The Feb 20th issue of Weekly Variety has the now annual, “Uh, oh, the Summer Movie Line-up Looks Way Overcrowded” story. However, it’s still more than relevant. As noted below, the year’s movies so far have done little to assuage Hollywood’s ongoing straits. Without a single breakthrough movie yet seen this year, hopes are once again being pinned on a huge summer.
The problem, though, is that with so many high profile movies being released—the majority of weekends between May 5th and July 7th see the release of one huge movie—these films risk piling up atop of one another and bombing massively.
May 5: Mission: Impossible 3
May 12: Poseidon
May 19: The Da Vinci Code
May 26: X-Men Three
June 6: Omen 666
June 9: Cars
June 30: Superman Returns
July 7: Pirates of the Caribbean: Dead Man’s Chest
And that’s just the blockbusters. Each week will also see, naturally, smaller movies hoping to catch some box office crumbs.
The problem isn’t that many of these films won’t have predictably big opening weekends (although it’s hard to see a Harry Potter or Spider-Man 2 or Star Wars in the bunch, save perhaps Superman Returns), but that they will make a goodly amount one weekend, be decisively pushed out of the number one spot the next week, and be almost forgotten by the third. And with many of the budgets for this things being simply huge—Poseidon‘s production budget alone, sans the tens of millions more in advertising and print costs, is a reported $150 million—chances are that the majority of these are going to lose money in the States, and will be praying for strong overseas sales.

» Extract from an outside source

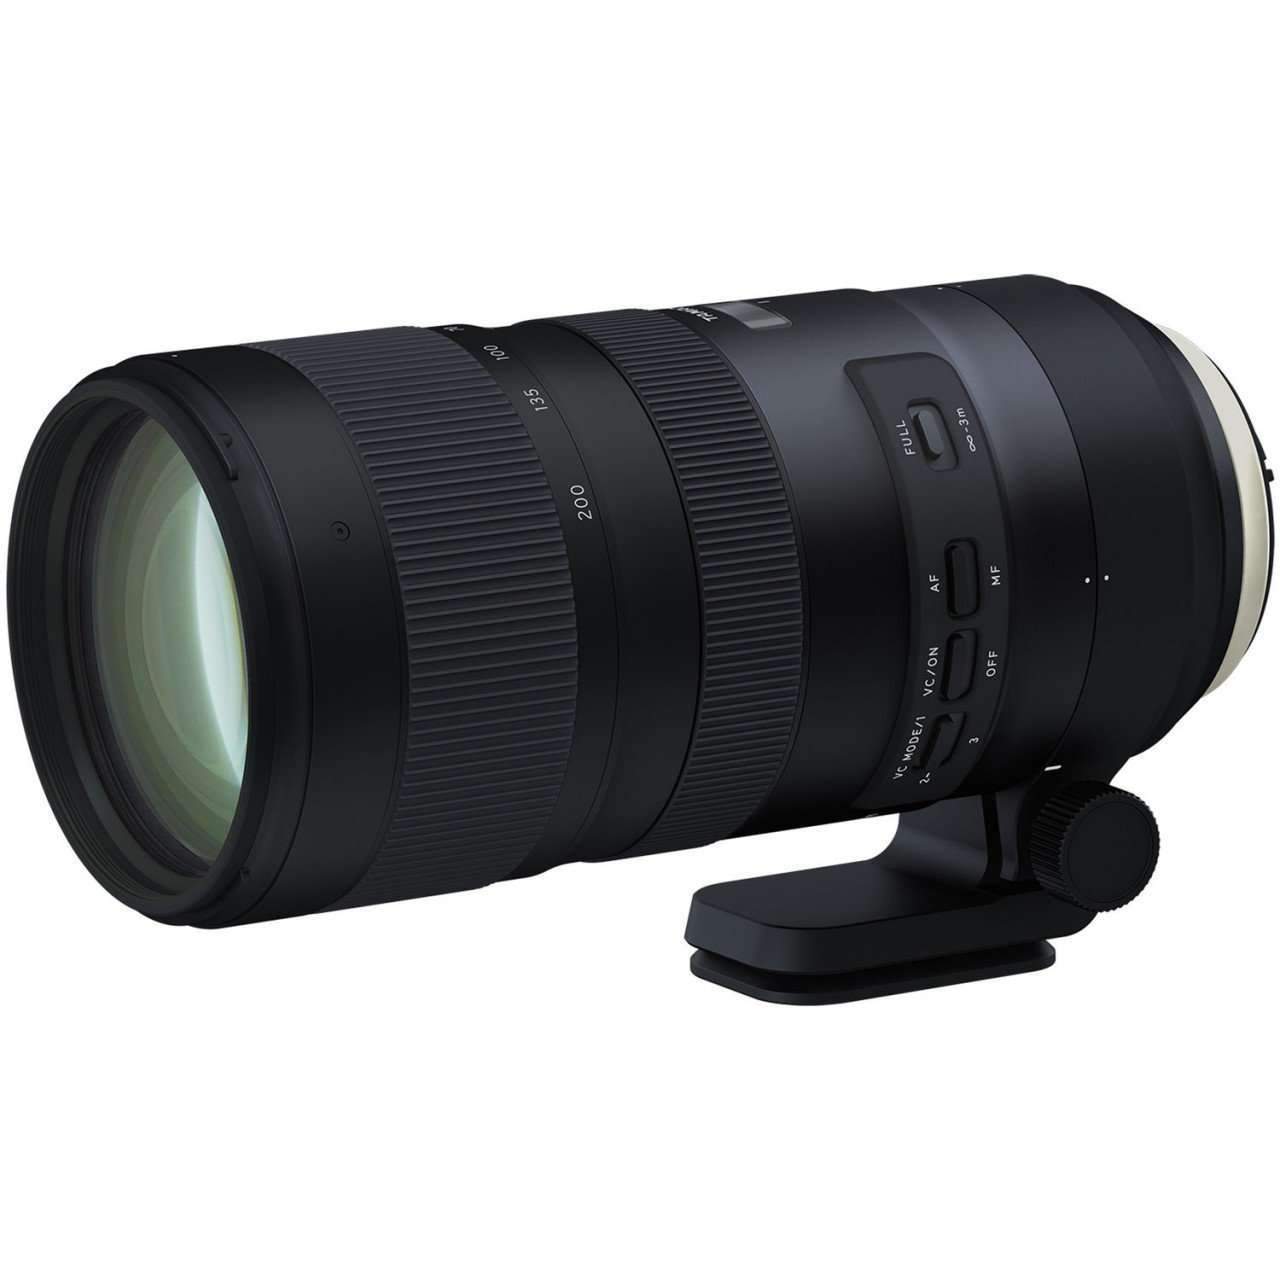 Tamron SP 70-200mm f/2.8 Di VC USD G2 Lens for Canon EF Mount Tamron Lens - DSLR Zoom

Pirates probably has the best shot. It actually has a clear couple of weeks before the next ‘big’ film, Michael Mann’s reportedly $200 million (!!) remake of his old Miami Vice TV show. I can’t imagine that one not bombing, although that’s partly because I don’t get Colin Farrell at all, and he’s assuming the Don Johnson role. And Cars is this year’s animated movie, so that should probably do pretty well, although perhaps not Finding Nemo or Shrek big.
Still, believe it or not, the biggest gamble appears to be Superman Returns, by dint of it’s reported $250 million budget. It’s should be noted that director Bryan Singer has disputed that figure, noting the actual number is “a little lower than $200 million.” Even so…damn!! And again, you’ve got to figure that the advertising and prints budget for the movie will be between fifty and a hundred million on top of that.
Basically, with production and advertising budgets continuing to skyrocket, the majority of these films are going to have to do significantly better than $50 opening weekends if they’re to break even. And frankly, I don’t see it. The best hope is that the first couple of movies, M:I3, Poseidon and Da Vinci Code, turn out to be actually good and get people excited about seeing movies again. That’s possible, but I’m not holding my breath.
The most anticipated blockbuster, of course, arrives on August 18th: Snakes on a Plane.